The wormhole’s entrance was now as wide as the AI phalanx.
“It’s tugging us in,” said Motal. “We can’t reverse out—it’s a primal force. Final orders, sir?”
“Send the message. Then advise the crew to prepare for our brief journey.”
“Hasi just sent a battleburst,” reported Sutak. “Not in any code we can read.”
“There’re no AIs left there to hear it,” said Kiroda.
“It’s not an AI code and not on an AI frequency, Commander,” said Sutak.
“A sobering thought.” Detrelna stood watching the purple sphere begin its slow spin toward the maw of the wormhole.
“A question for another day,” said the Heir. “Let’s live through this one.”
Without protest, several hundred million AI battleglobes slipped into the yawing mouth of the wormhole, disappearing down a swirling, narrowing funnel made to compress them into a solid mass as it transported them to oblivion.
No one cheered.

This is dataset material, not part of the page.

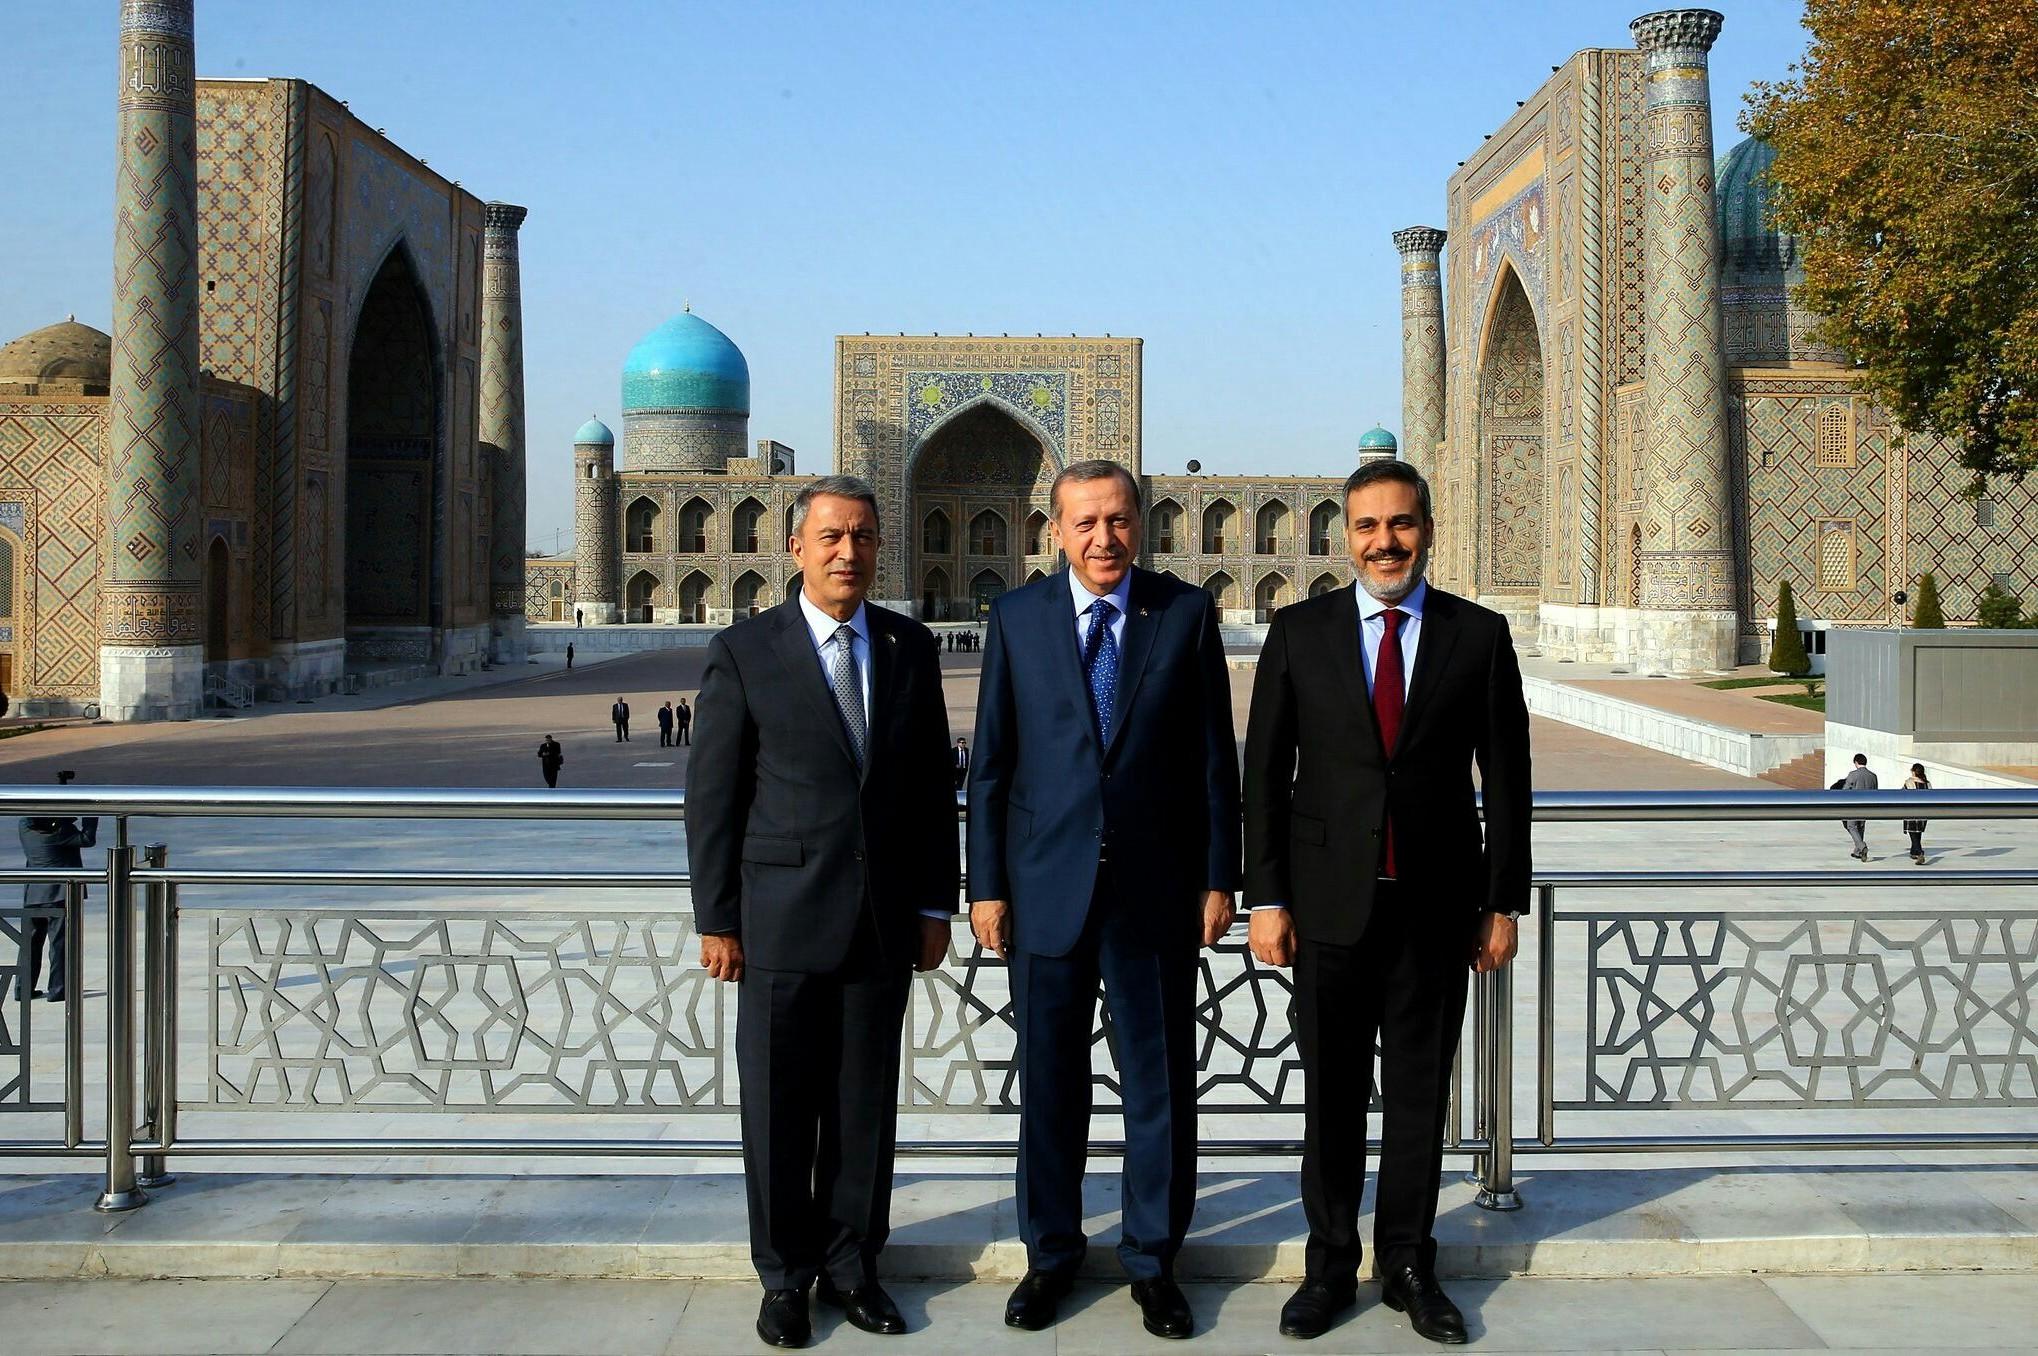 (Sleva nadesno) Turski ministar odbrane Hulusi Akar, turski predsednik Redžep Tajip Erdogan i direktor turske obaveštajne službe Hakan Fidan

All eyes were on the wormhole.
“Not expanding,” reported Sutak’s Tactics officer.
“Not closing, either,” said Kyan.
“My ships are slowly being dragged in,” said Kotran. “The weapon’s inhibiting our jump drives.”
“It’s designed to do that,” said the First Leader. “Maximizes enemy losses.”

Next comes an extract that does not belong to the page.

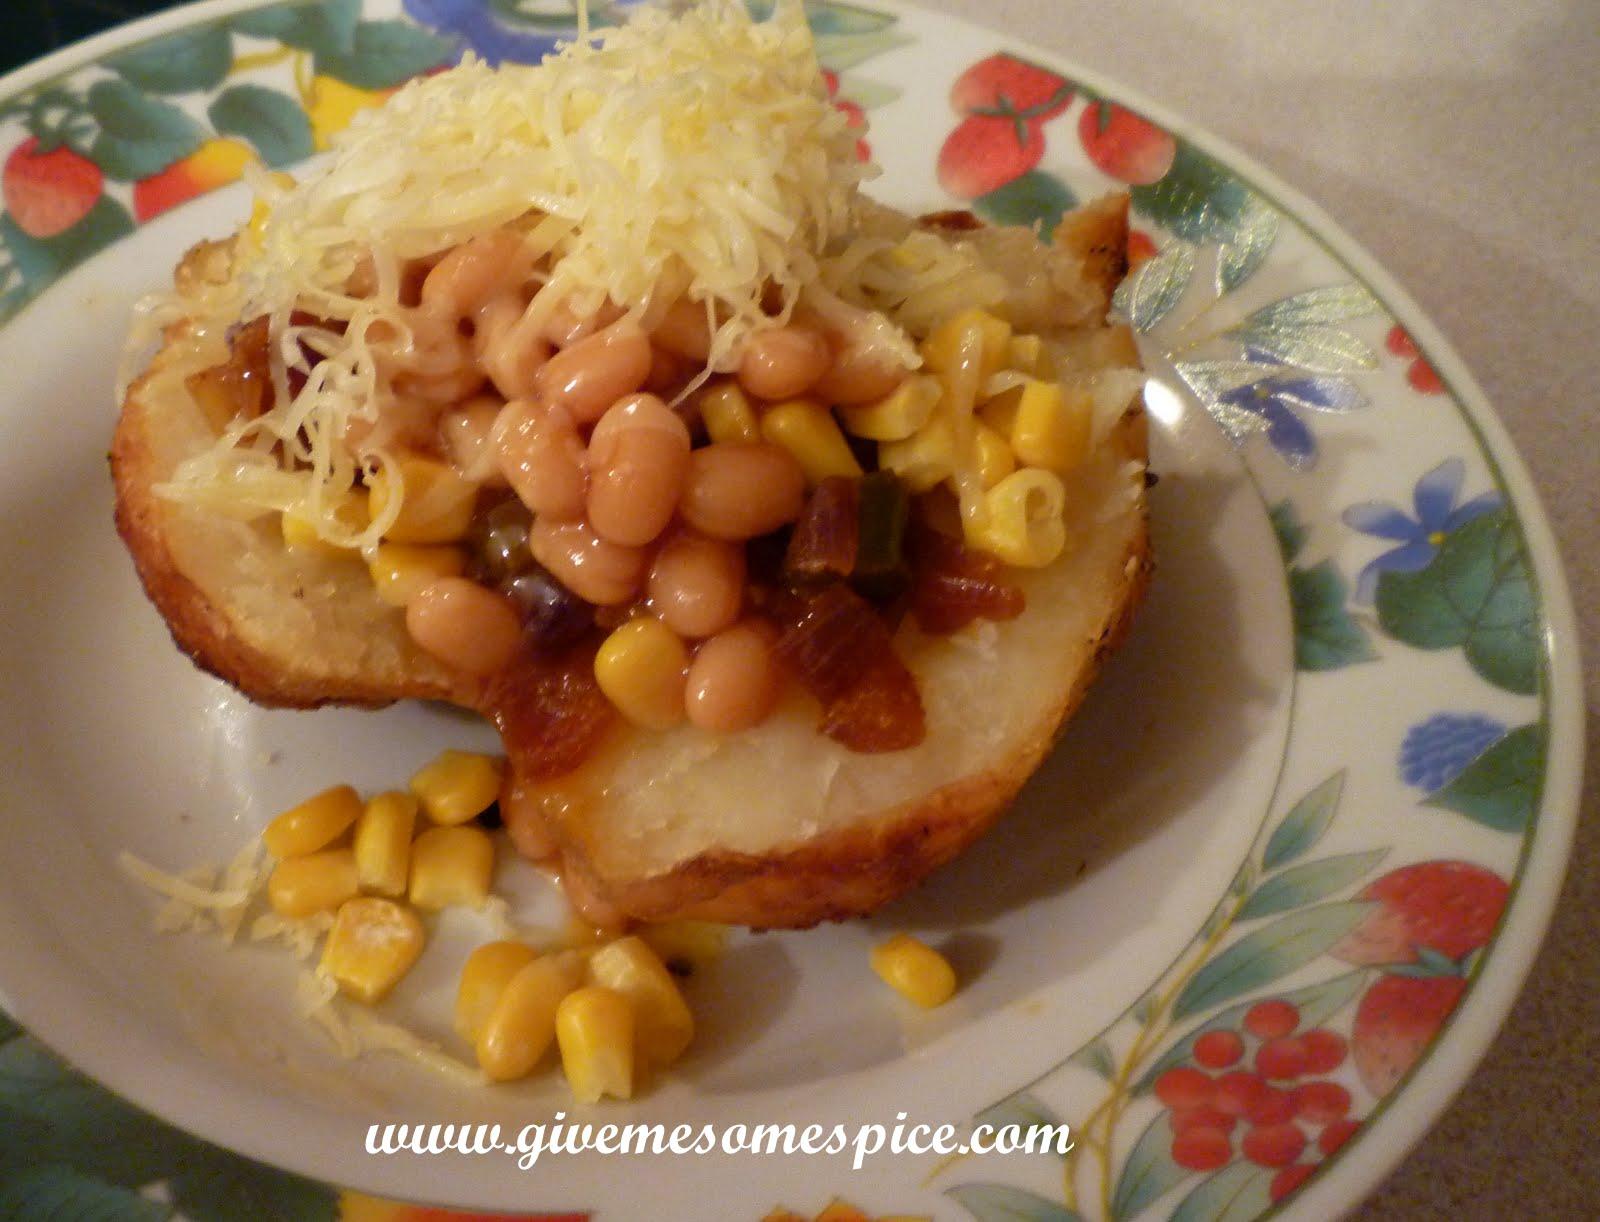 Jacket Potatoes With A Bit Of Desi Jhatka Authentic Vegetarian

“You’ll have to move your ships away on their engines, Kotran.”
“Impossible, My Lord,” said Kotran. “It’s taking all we have not to be sucked in.”
“We can’t move either,” said Sutak. “And we’re slowly being pulled toward it.”
“No need to launch Implacable, then, Hanar,” said Detrelna. “Ideas, anyone?”
“A soothing cup of t’ata, Commodore?” suggested Kiroda.
“Not my favorite beverage, Tolei. Why did everyone always assume I was drinking t’ata?”
“It should have closed by now, My Lord,” said Satur, tight-lipped.
“Not fair, Satur,” said Lawrona. “Held in stasis for centuries only to be devoured after a few days of very stressful freedom.”
“You think life is fair, Captain?” he said with a sad smile.
“Never. But calculatingly cruel? You haven’t even had shore leave.”